Measuring Clinical Decision Making

Setting

This study was conducted in the context of examination development for two dietetic specialty areas (gerontology and oncology). A total of six different forms were used. These examinations contain a combination of conventional, relatively brief, four-option MCQs, and the more elaborate KFPs.

Item Development

The procedures for developing MCQs and KFPs were similar. Participants were provided a formal orientation in the principles of good item construction, opportunities to familiarize themselves with the content specifications, and opportunities to work with fellow participants to create the items. For each item, considerable emphasis was placed on specifying the linkage of item content to the content specifications and providing a citation from an authoritative reference source. Therefore, each item was linked to a specific task and knowledge from the test specifications and to a page or section of an authoritative reference source. There were numerous opportunities for individual assistance with item development as well as opportunities for review by other participants.

The primary distinction between the development process for MCQs and KFPs was the degree of focus on the key features of the problems for clinical decisions. MCQs were relatively brief and had four response options with one correct answer and focused on either applied questions regarding facts, concepts, and procedures or scenario-based questions regarding commonly encountered situations that require analysis, interpretations, and decisions.
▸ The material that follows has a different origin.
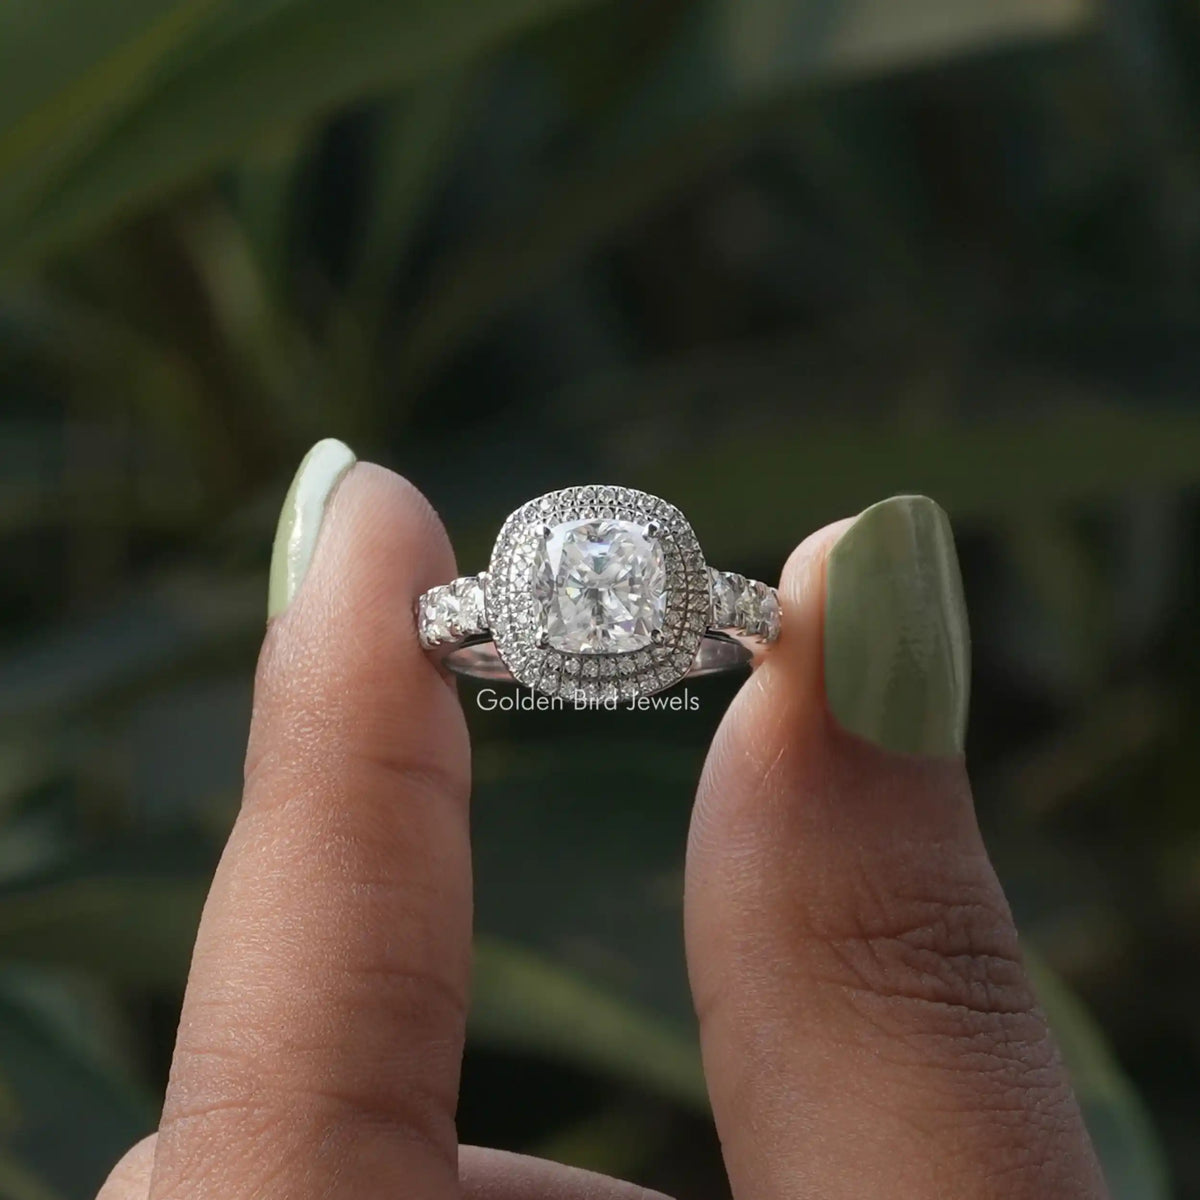 [In two finger front view cushion cut moissanite ring made of 14k white gold]-[Golden Bird Jewels]

KFPs differed from scenario-based multiple-choice items in the degree of complexity of the scenarios and the degree to which they emphasized the candidate’s ability to triage among multiple correct answers and multiple distractors, many of which could be correct, but were not the actions or interventions that addressed the most urgent needs of the patient in the scenario. The intent of the KFP was to assess the candidates’ abilities to implement more than one step in their decision-making process, discriminate between relevant and irrelevant information presented in the scenario, and prioritize correct responses in terms of urgency of the situation. Test takers were instructed on how many responses to choose when responding to each item (e.g., “Choose three”), and they were scored in an all-or-none fashion. SMEs determined the minimum number of these correct options needed to receive a point for each item and those selecting fewer than the minimum received no credit for that item.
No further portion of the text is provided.